DATA SHOWN -
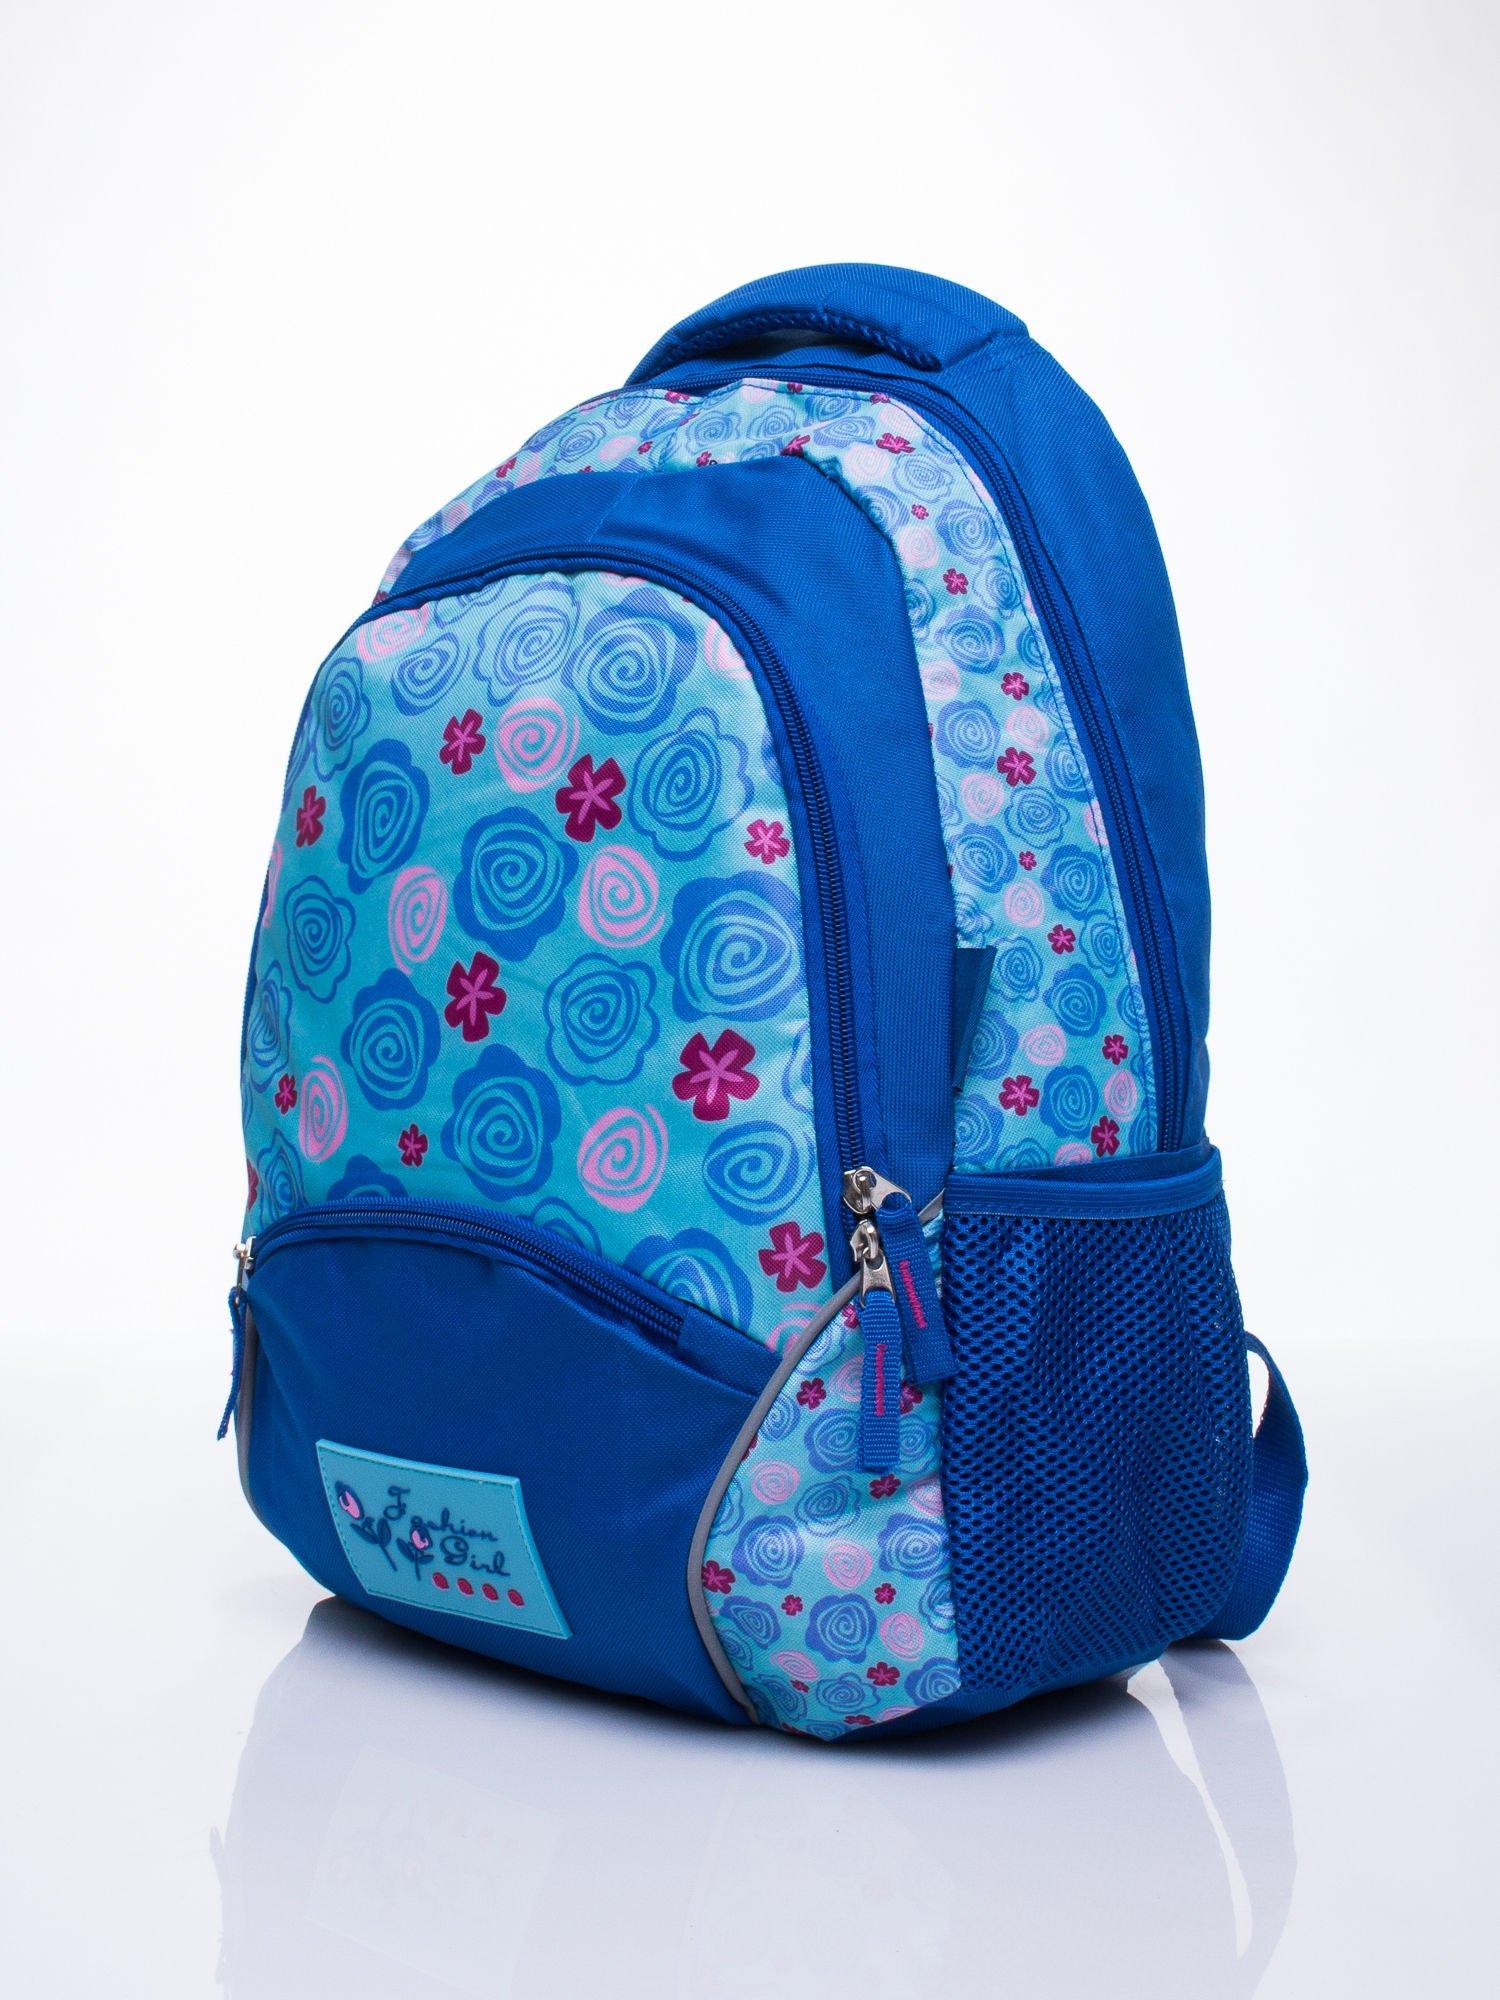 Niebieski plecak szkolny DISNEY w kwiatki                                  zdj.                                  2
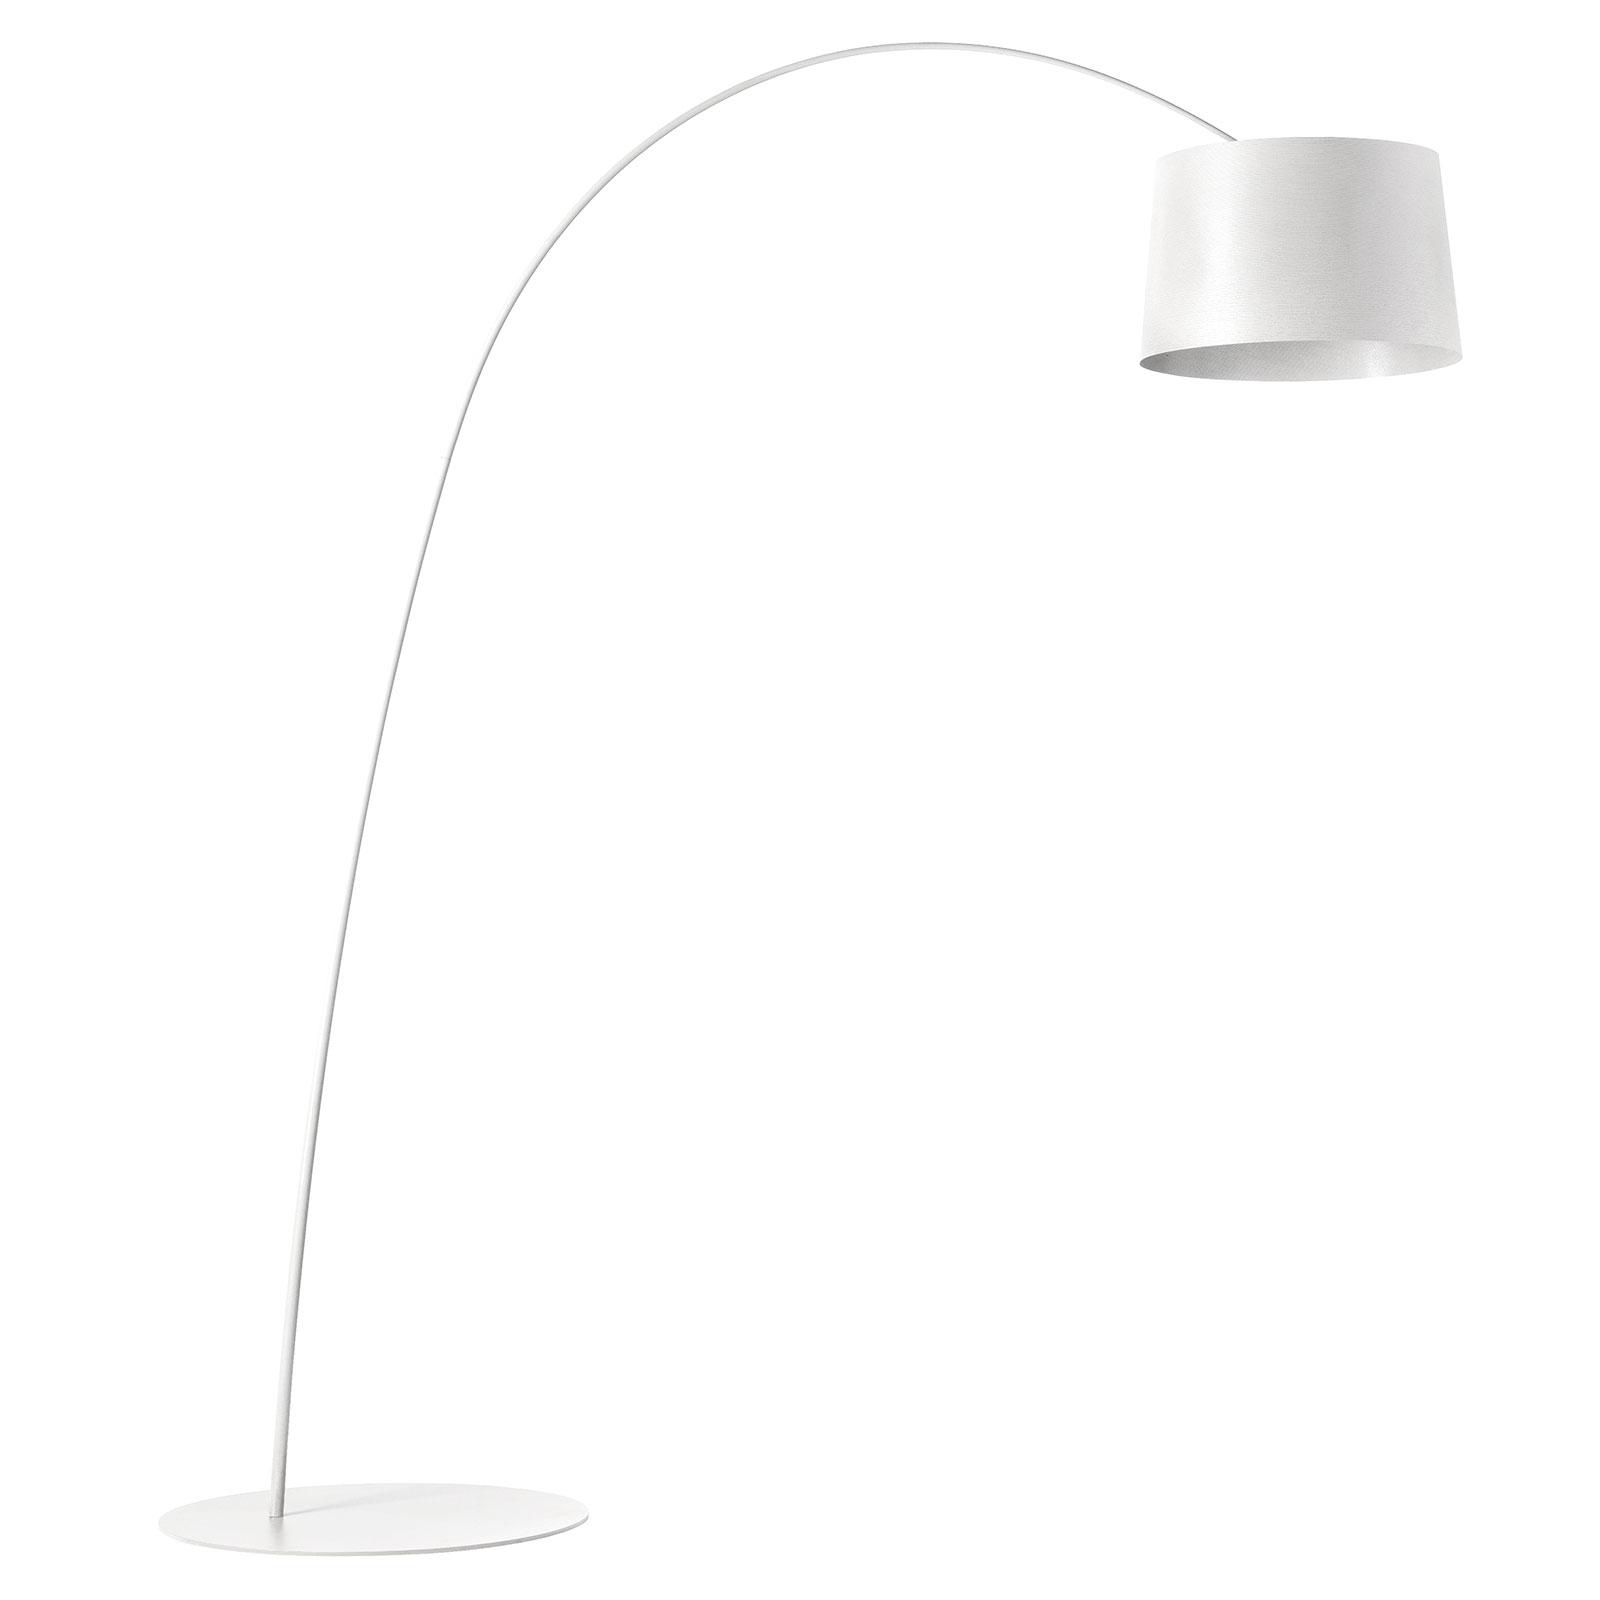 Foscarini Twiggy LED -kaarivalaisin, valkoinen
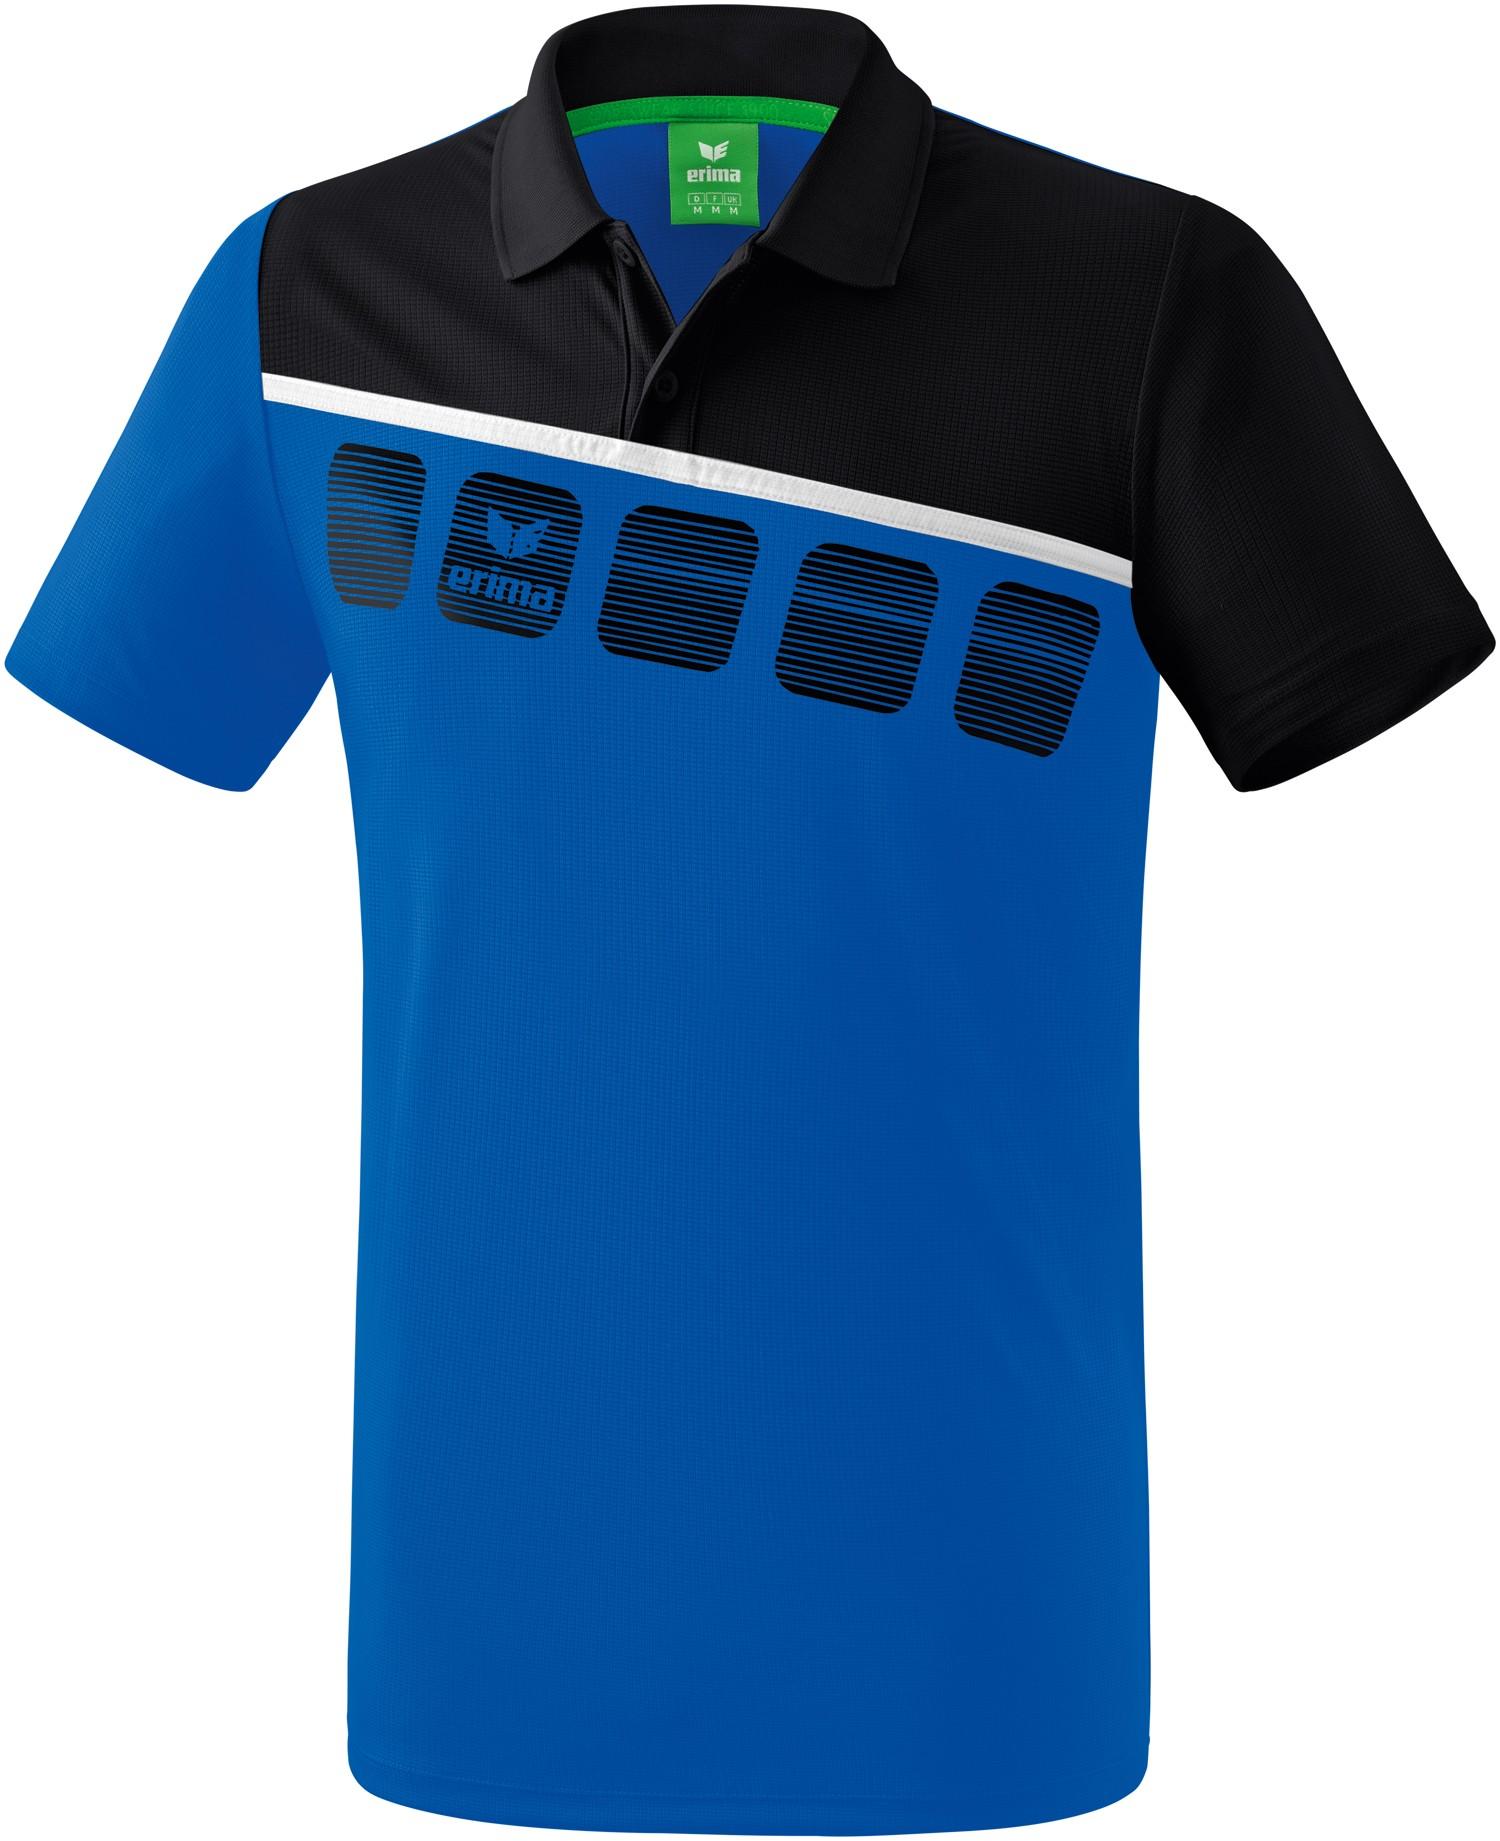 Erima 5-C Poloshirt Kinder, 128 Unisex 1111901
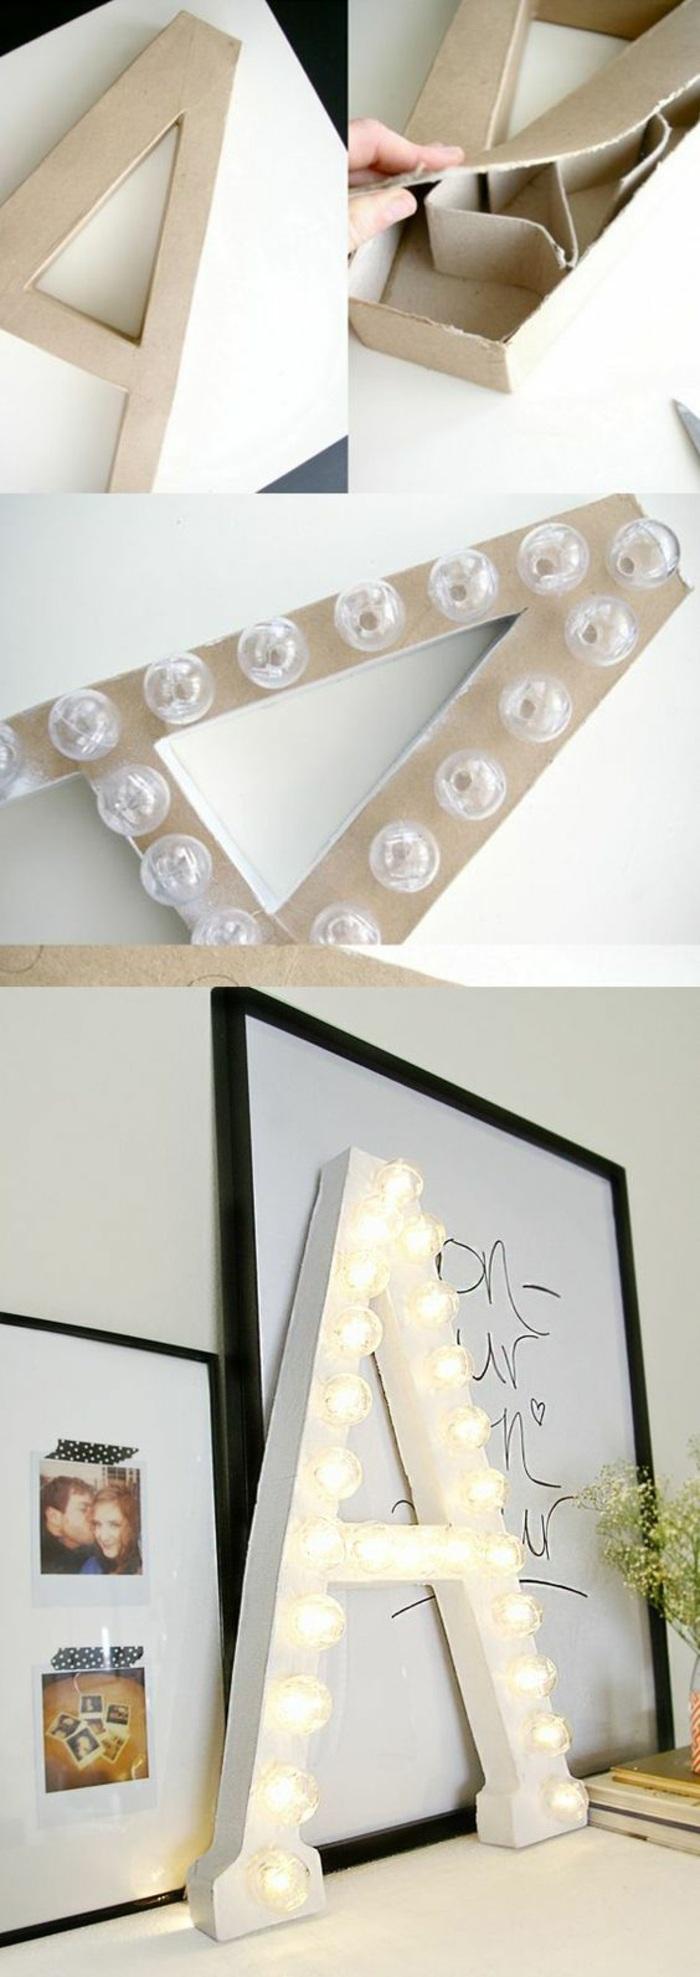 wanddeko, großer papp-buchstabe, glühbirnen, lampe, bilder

ABOUT THIS TASK - Line by line, write out the data above exactly, without the pictures.

RESULT OF THE TASK -
 Niebieski plecak szkolny DISNEY w kwiatki                                  zdj.                                  2
 Foscarini Twiggy LED -kaarivalaisin, valkoinen
 Erima 5-C Poloshirt Kinder, 128 Unisex 1111901
 wanddeko, großer papp-buchstabe, glühbirnen, lampe, bilder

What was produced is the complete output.